Русский аркан
Шрифт:
Он ведь и в самом деле герой.
– На Митьку! Пусть на Митьку покушаются, – как сквозь вату услыхал Лопухин срывающийся от запоздалого испуга голос цесаревича.
Тот все еще застегивался.
Он думал, что, вновь оказавшись на борту корвета, проспит чуть ли не до самого Владивостока, наверстывая упущенное. Но он проспал всего лишь десять часов и, проснувшись, ощутил себя бодрым и свежим, как будто не было хронического недосыпания последних недель. «Все будет хорошо, – сказал он себе. – Теперь все будет хорошо».
В
– Ничего не выйдет! – доказывал Канчеялов. – Государь, возможно, согласится с решением его императорского высочества передать право наследования… это будет только к лучшему… но принцесса Фудзико?! Нет и нет!

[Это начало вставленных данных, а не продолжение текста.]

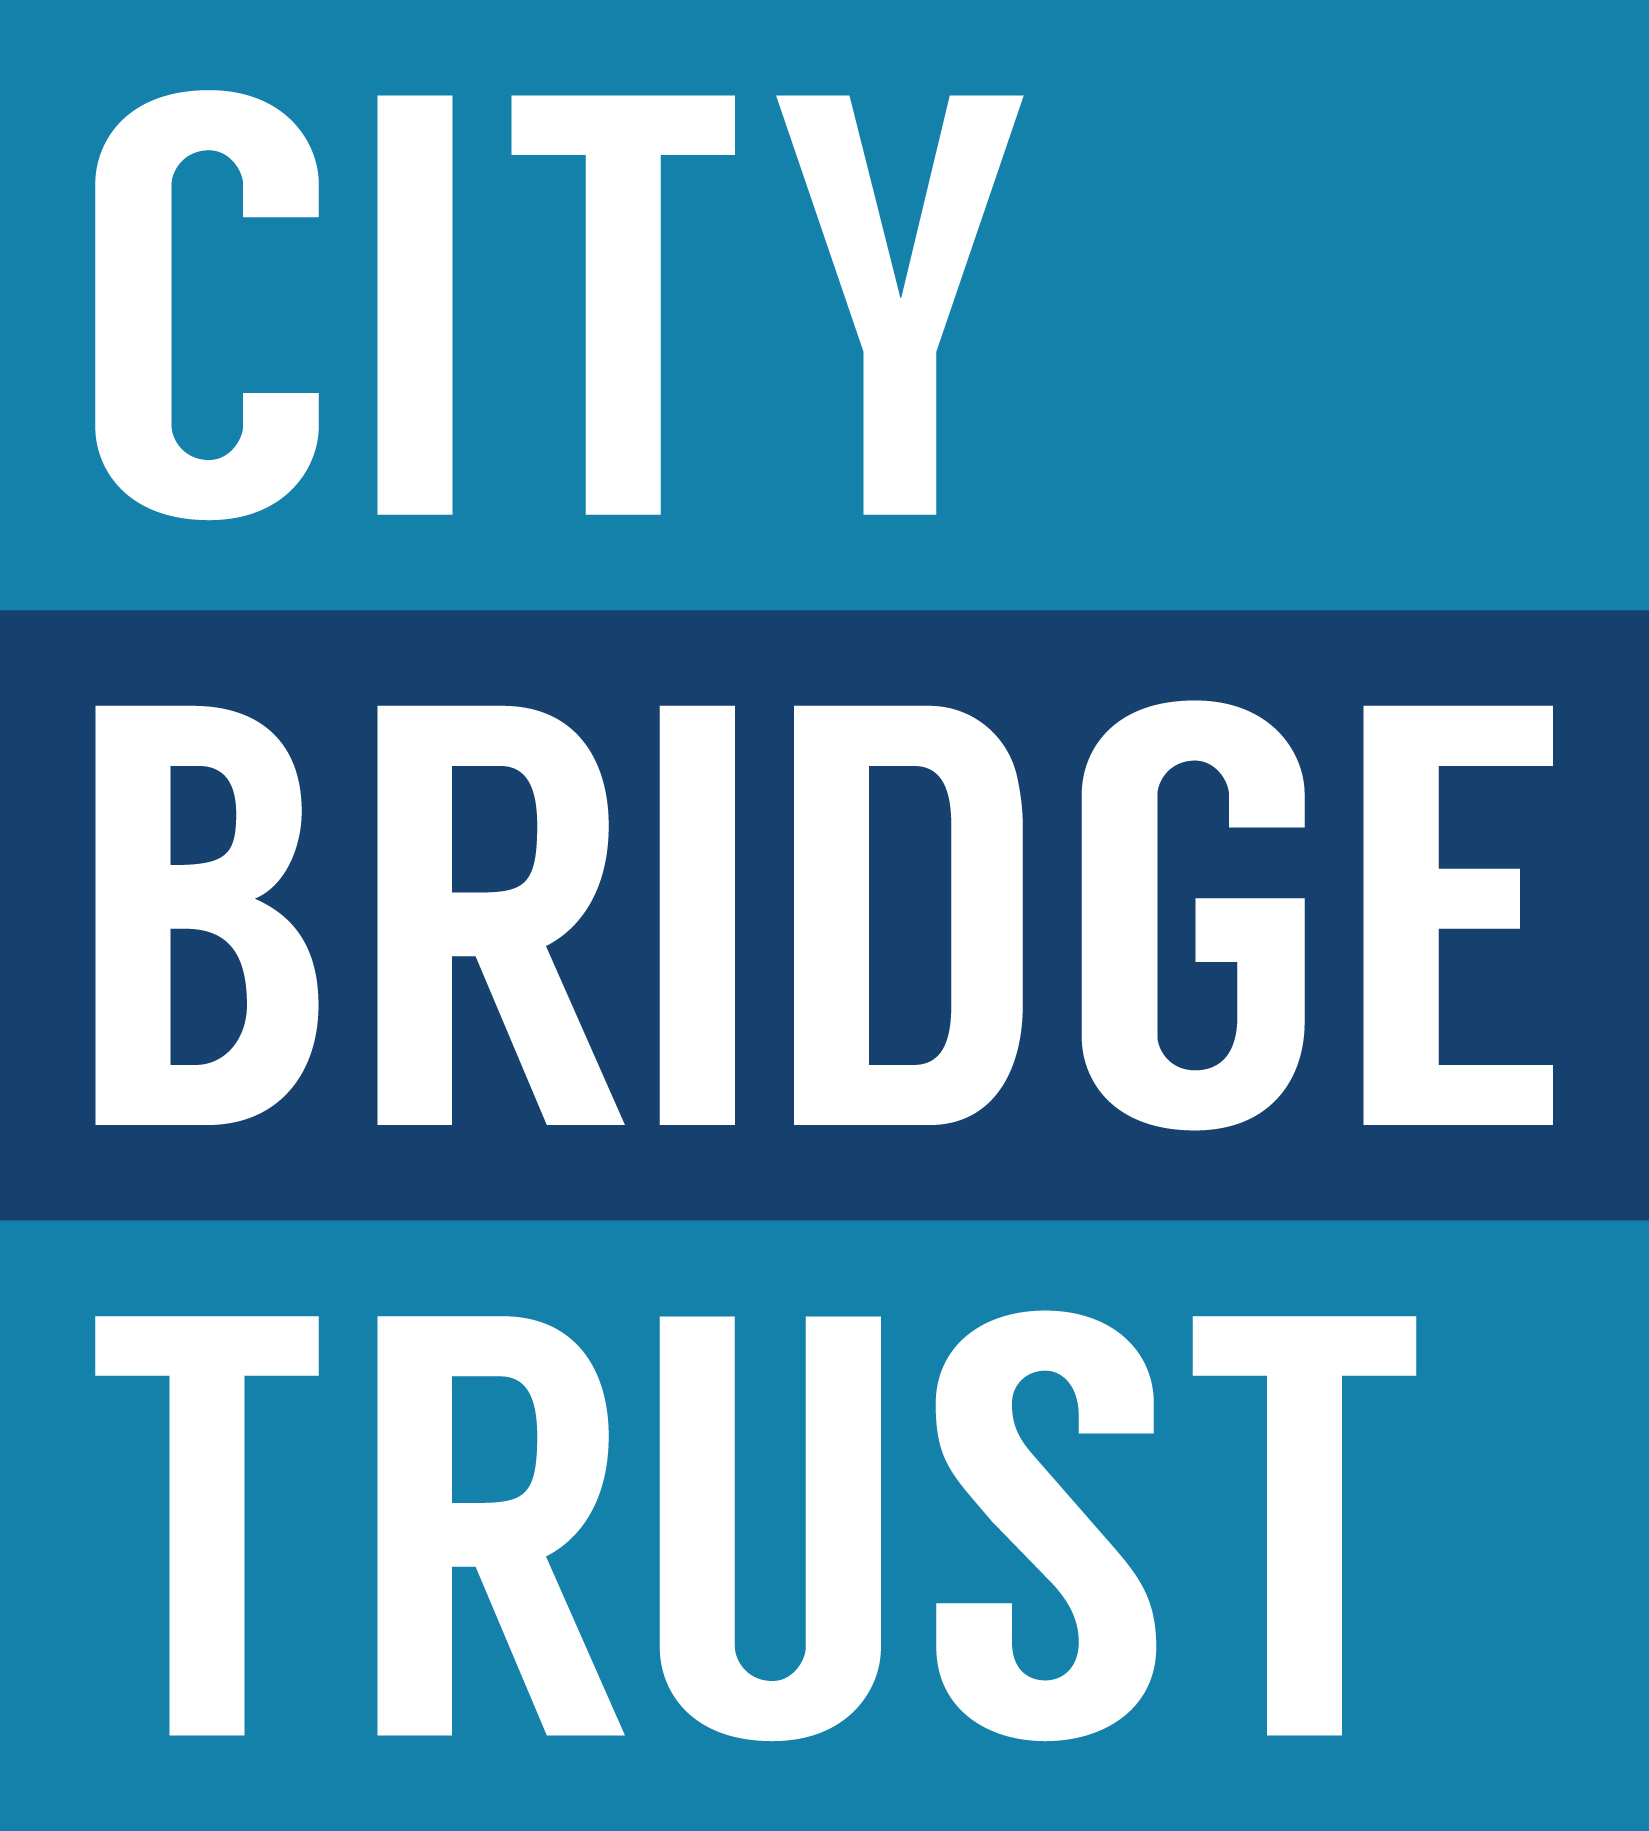 City Bridge Trust logo blue

Японки, господа, очень практичны. Согласится ли принцесса довольствоваться ролью великой княжны, не претендуя на большее? Вот уж вряд ли! Нет-нет, господа, этот брак не состоится из-за отказа самой принцессы Фудзико…

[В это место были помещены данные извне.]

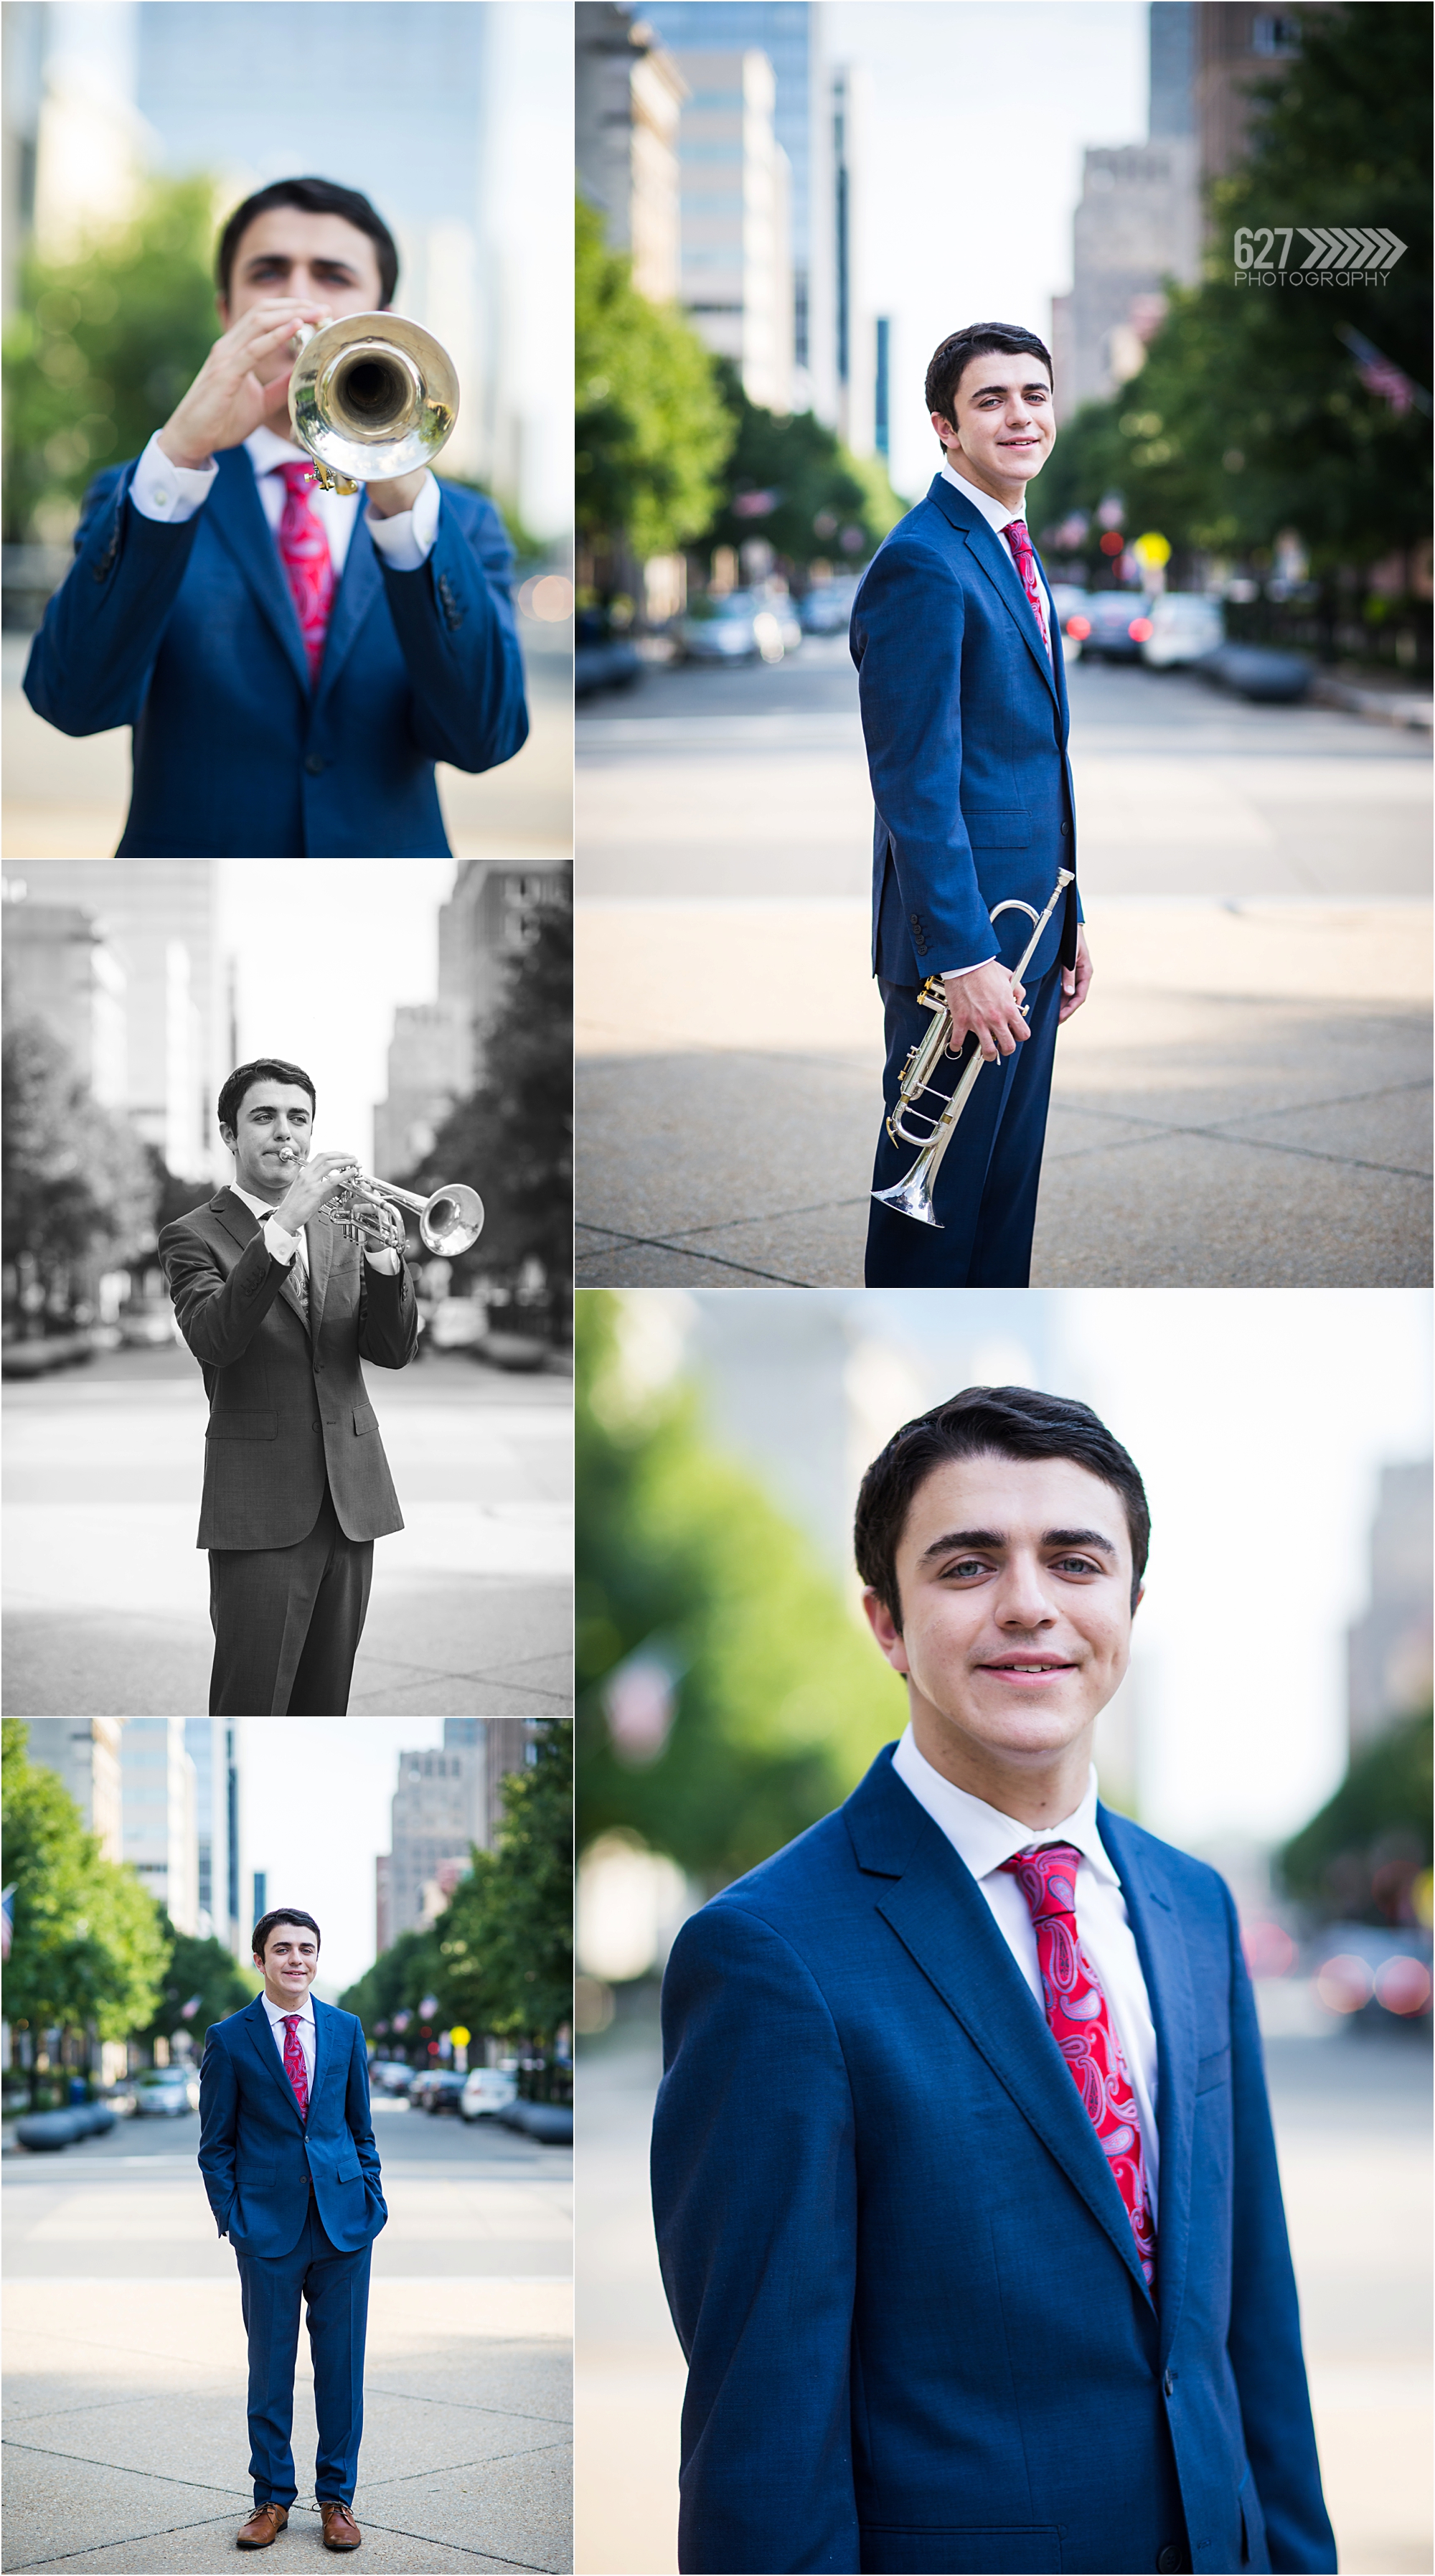 Cary Academy Senior Portraits - senior boy with trombone downtown

– Он состоится, – не очень-то вежливо, зато веско перебил Лопухин, и за столом мгновенно наступила тишина. – Он состоится именно потому, что японки очень практичны, как вы, господин лейтенант, верно подметили. Они прекрасно знают цену синице в руке, особенно если журавль недостижим. Госпожа Фудзико умна, она не станет бессмысленно гоняться за журавлем. – Он повертел в пальцах вилку и вдруг улыбнулся. – Леонтий Порфирьевич, не найдется ли у вас случайно парочки хаси? Представьте – привык. Японцы правы, что едят палочками, после них нож и вилка кажутся варварскими предметами…
Корвет ходко шел на норд, держась в виду японских берегов. В дымке проступали туманные очертания гор. На мелкой волне то здесь, то там качались рыбачьи джонки. Слабый ветер приносил облегчение от жары, но плохо надувал паруса. Никого это не волновало: до родной земли угля хватало с избытком. Менее чем через двое суток корвет войдет в Сангарский пролив, а там и до Владивостока рукой подать. Только там можно будет счесть поручение государя выполненным. Не раньше.

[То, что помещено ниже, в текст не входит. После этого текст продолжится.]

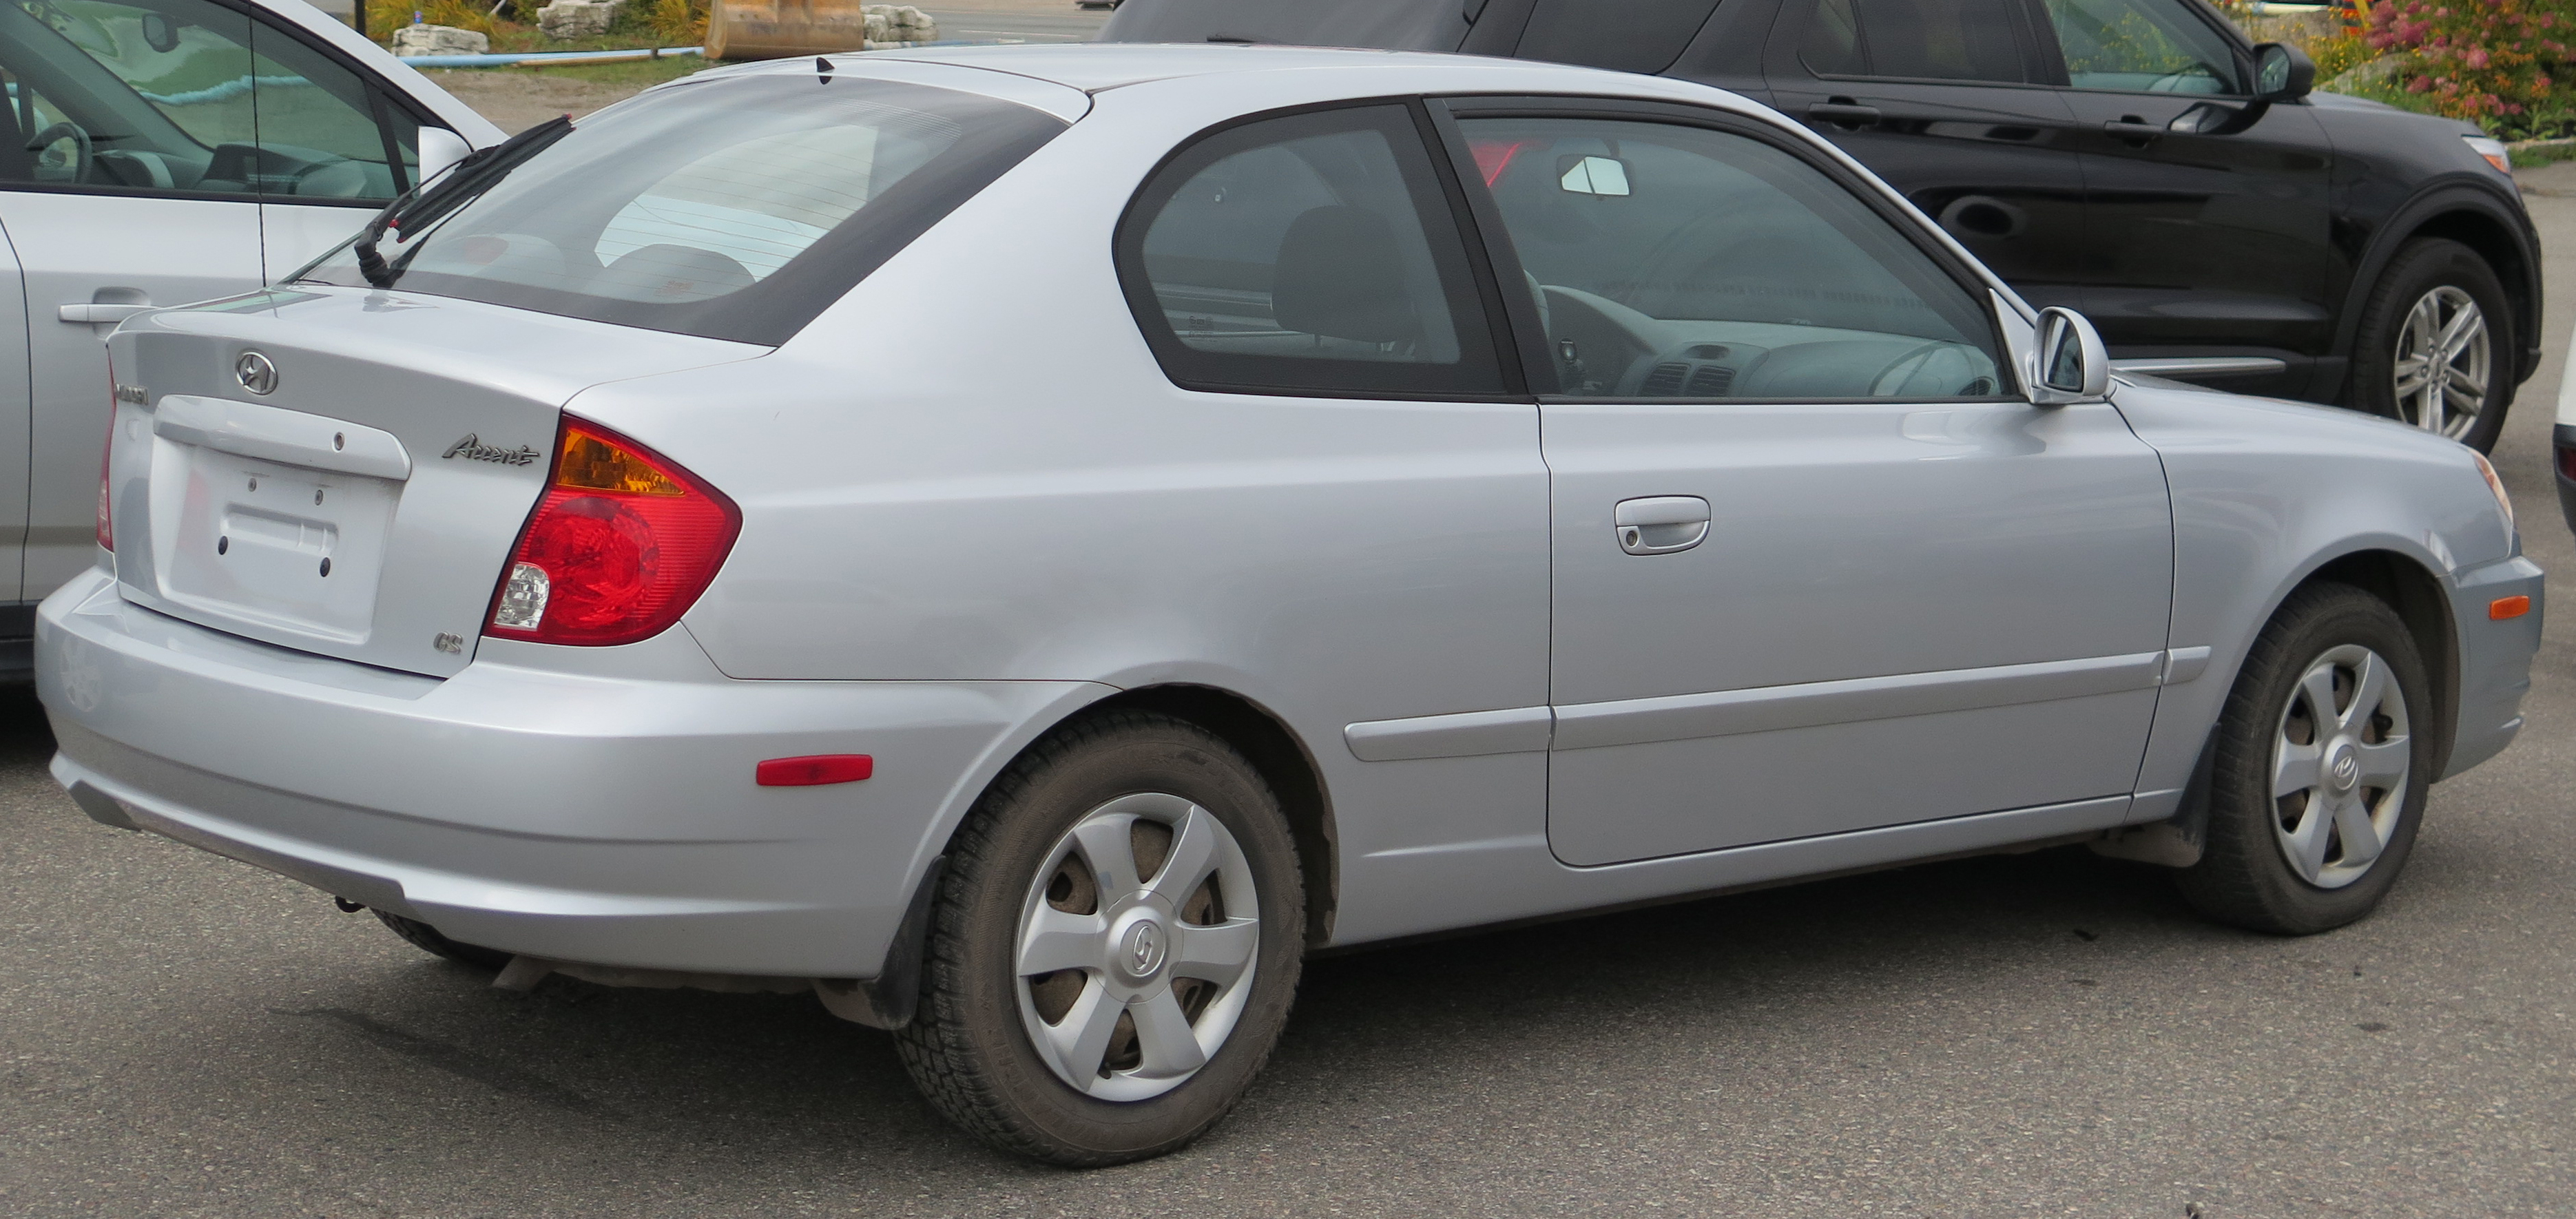 File:2006 Hyundai Accent GS hatchback in Clean Silver Metallic, Rear  Right.jpg - Wikipedia

Затем в Москву, если не поступит новых распоряжений. Или, может быть, сразу в Петербург? Да, сразу. Вновь увидеть Ее. Желанную и недостижимую. Мучиться – и быть счастливым!
На палубе кричал Враницкий, недовольный приборкой. Среди прочих палубные доски лопатил и Нил. Юнга старался. Лопухин, по обыкновению курящий у фальшборта, поманил его пальцем. Бросив опасливый взгляд на старшего офицера, Нил предстал. Враницкий отвернулся, сделав вид, что ничего не заметил.
– Скоро домой, правда? – сказал граф. – Соскучился по России?
– Очень соскучился, – признался Нил.
– Пора подумать о твоем будущем. Денег за службу дам, но деньги – вздор. Кем тебе быть – вот в чем вопрос. Из Владивостока я поеду по Транссибу. Хочешь со мной? Найду тебе дело.
Нил переминался с ноги на ногу, его загорелая физиономия выражала смятение чувств.
– Извините, барин… то есть Николай Николаевич… Я это… Я моряком хочу стать, вот! – выпалил он вдруг. – Как дядя Зорич!
«Только не как он», – хотелось сказать Лопухину, но он, разумеется, не сказал этого. Пусть в мальчишеской голове до поры до времени все будет ясно и просто: здесь свои, а там – враги. Пусть как можно дольше не мучит его раздирающие душу противоречия между долгом и убеждениями, и пусть только негодяи становятся врагами.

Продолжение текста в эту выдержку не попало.